By Clare Foran and Ali Zaslav | CNN
The Senate voted Thursday evening to extend the nation’s debt limit through early December after Democrats and Republicans reached a deal to avert economic disaster following weeks of partisan deadlock over the issue.
The House will next have to approve the extension before it can be sent to President Joe Biden for his signature.
Senate Majority Leader Chuck Schumer announced Thursday morning that a deal had been reached, paving the way for the final vote later in the day. An aide familiar with negotiations told CNN that the deal is to increase the ceiling by $480 billion, which is how much the Treasury Department told Congress it would need to get to December 3.
The announcement came a day after Senate Minority Leader Mitch McConnell publicly floated a debt ceiling proposal, which sparked negotiations between the two parties to reach an agreement.
Both parties have made clear that the country must not default and that even coming close to it would likely bring catastrophic economic consequences.
Yet while the debt limit extension stands to avert immediate economic disaster, it does not resolve the underlying partisan stalemate over the issue. It merely delays the fight until another day.
Republicans have been insistent that Democrats must act alone to address the debt limit through a process known as budget reconciliation. Democrats have argued the issue is a shared bipartisan responsibility and that process is too lengthy and unwieldy and that the risk of miscalculation would be too high.
That fundamental dispute remains, setting up a high-stakes showdown in early December.
Lawmakers will also have to deal with the expiration of government funding in the same time frame after recently passing a short-term extension to avert a shutdown that lasts only through December 3.
Ahead of the final vote Thursday evening, the Senate voted to break a filibuster on the agreement to raise the debt ceiling, which needed 60 votes to succeed. The tally was 61-38. Republican senators provided 11 votes, which when combined with those of members of all the Democratic caucus, got the Senate over the procedural hurdle.
Now, all eyes will turn to the House. Speaker Nancy Pelosi has indicated that members may need to come back to vote on the measure if it passes the Senate.

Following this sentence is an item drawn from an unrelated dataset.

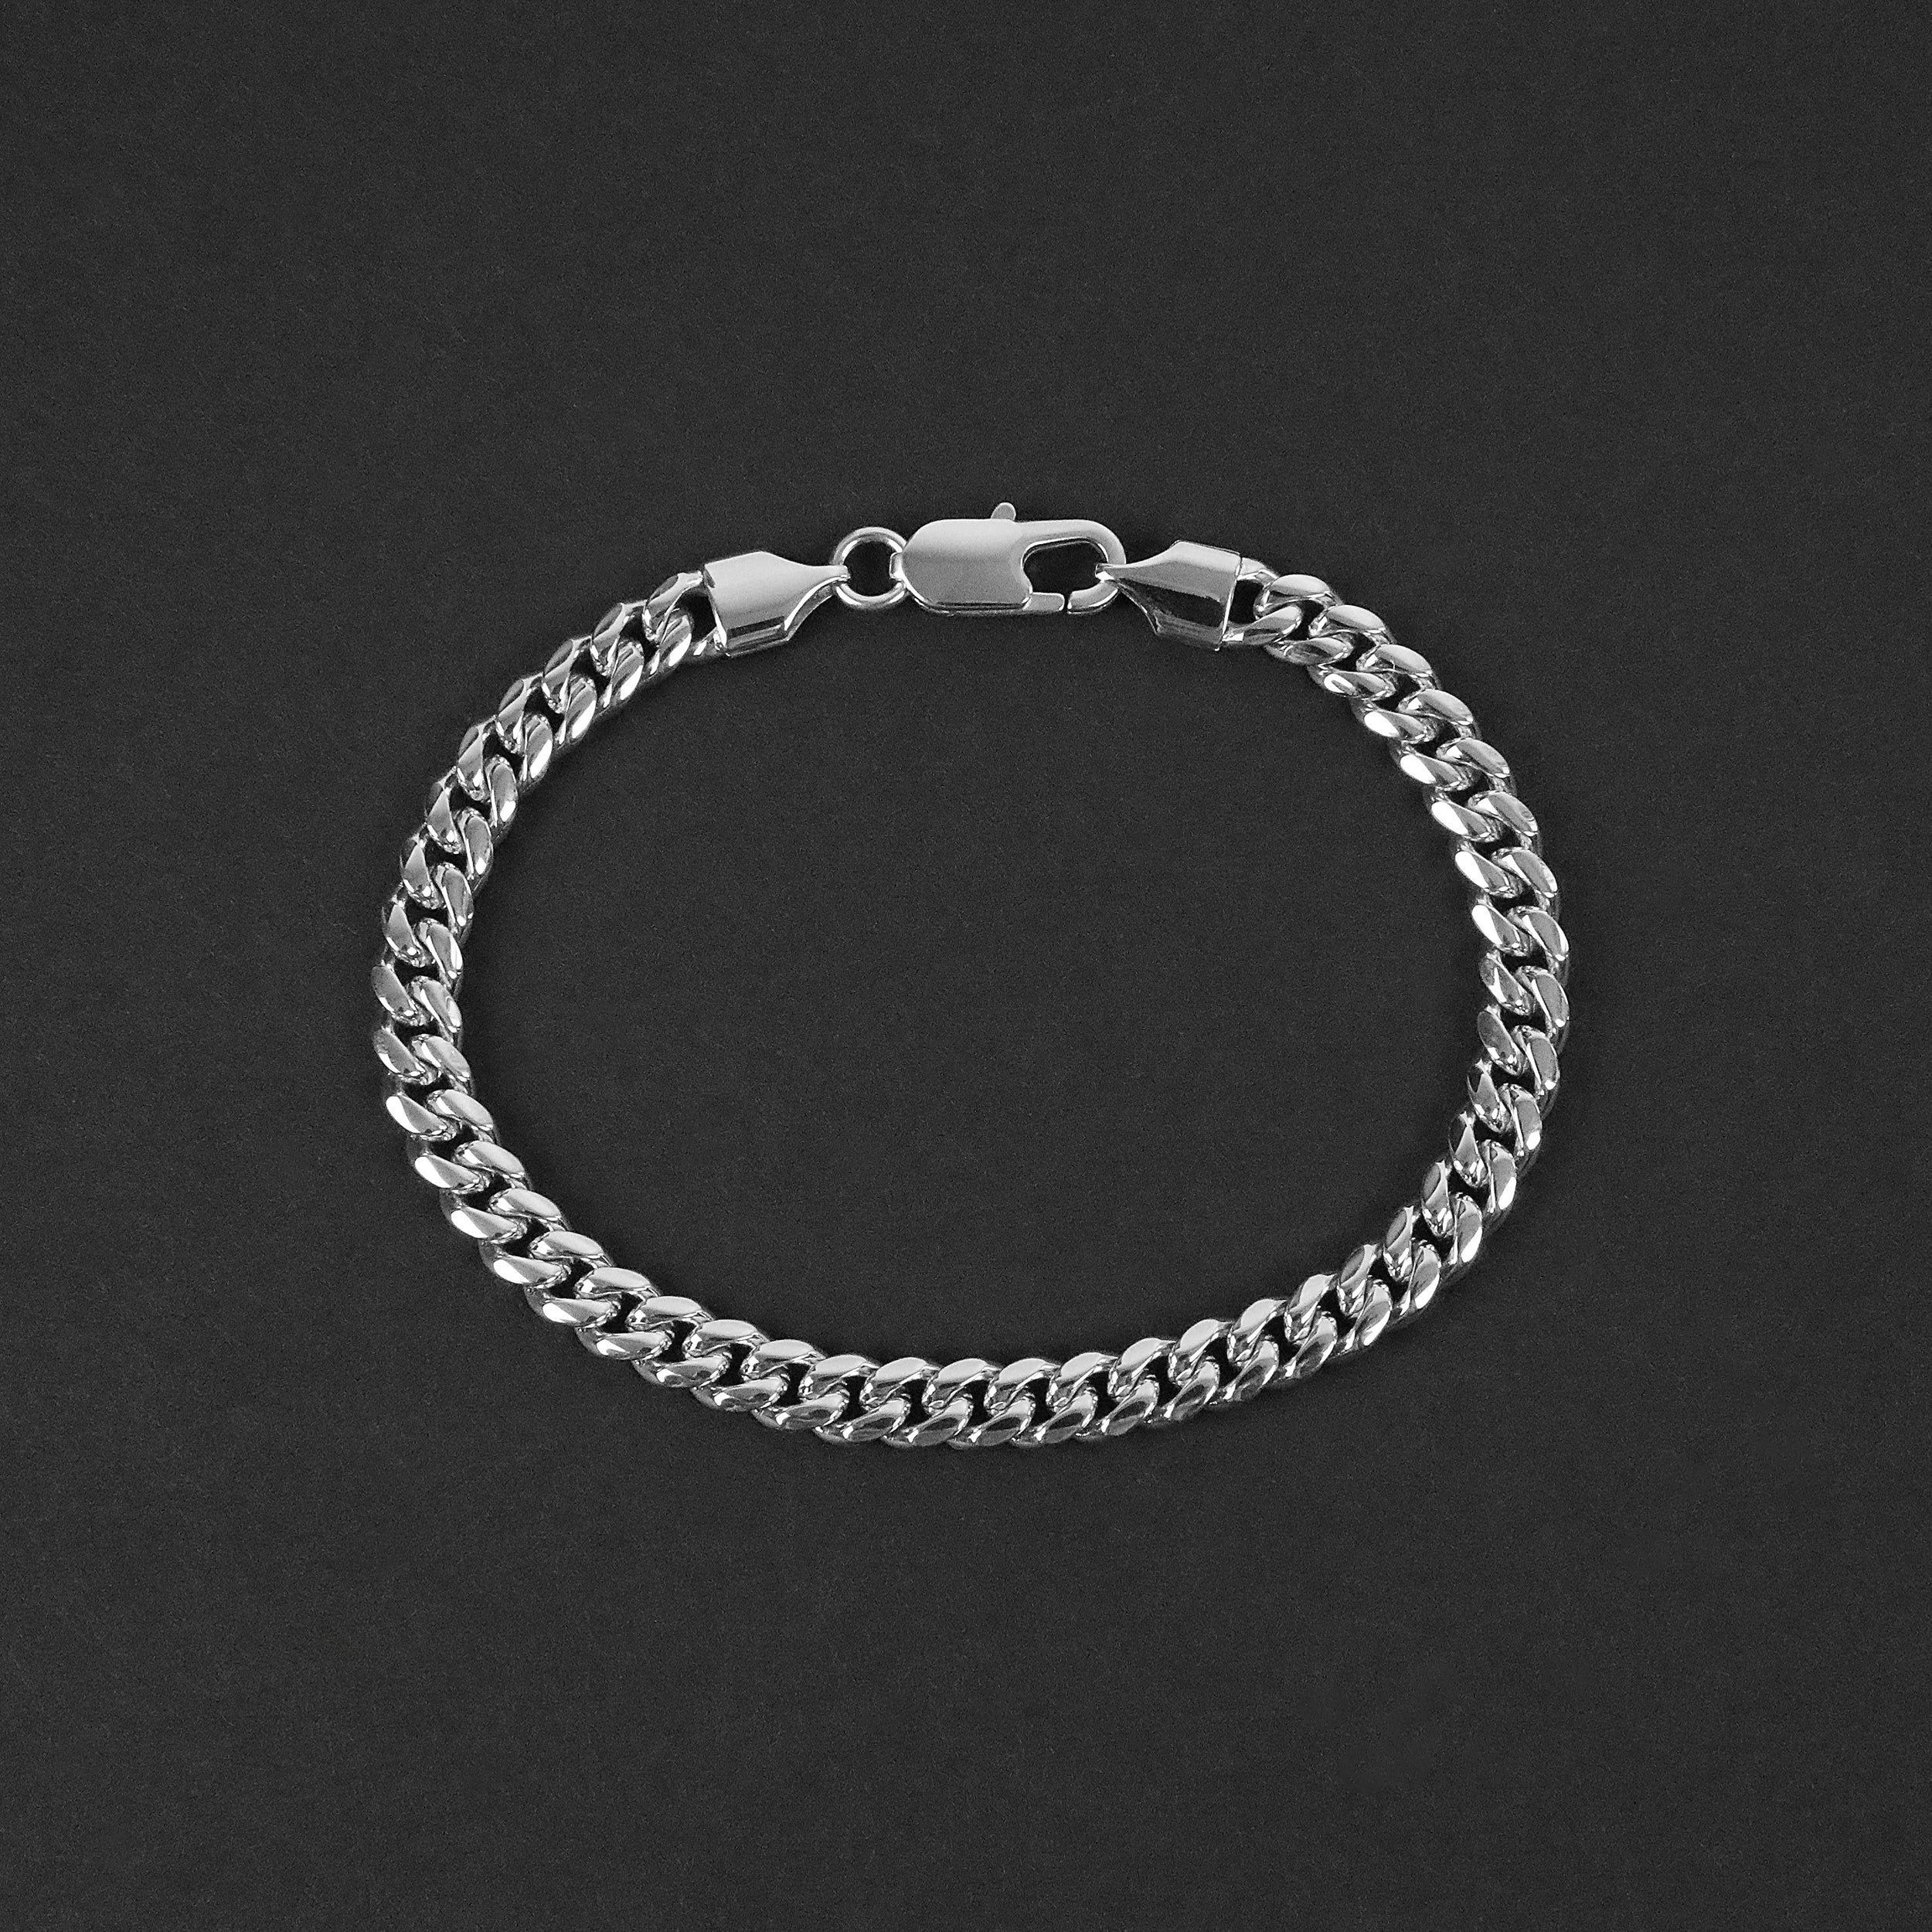 Cuban Chain Bracelet - Silver 6mm

“At this writing, the Senate is engaged in hours of debate that will lead to a vote to lift the debt ceiling,” she wrote in a letter Thursday evening, adding, “Hopefully that will occur and if it is necessary for Members to return early, Leader Hoyer will give sufficient notice as promised.”
Battle lines drawnIn a sign that partisan battle lines remain clearly drawn, McConnell said on Thursday that the agreement provides Democrats with more time to use reconciliation to raise the debt limit themselves.
He argued this resolves “the majority’s excuse that they lacked time” to address it through the cumbersome budget process.
Democrats, however, have already made clear they have no desire to use the reconciliation process despite the extra time.
Treasury Secretary Janet Yellen had warned lawmakers that the federal government will likely run out of cash by October 18 unless Congress raises the debt ceiling.
But Congress may not even have that long, since the deadline is more of a best guess estimate than a set in stone deadline. That dynamic intensified pressure on both sides to reach a deal this week.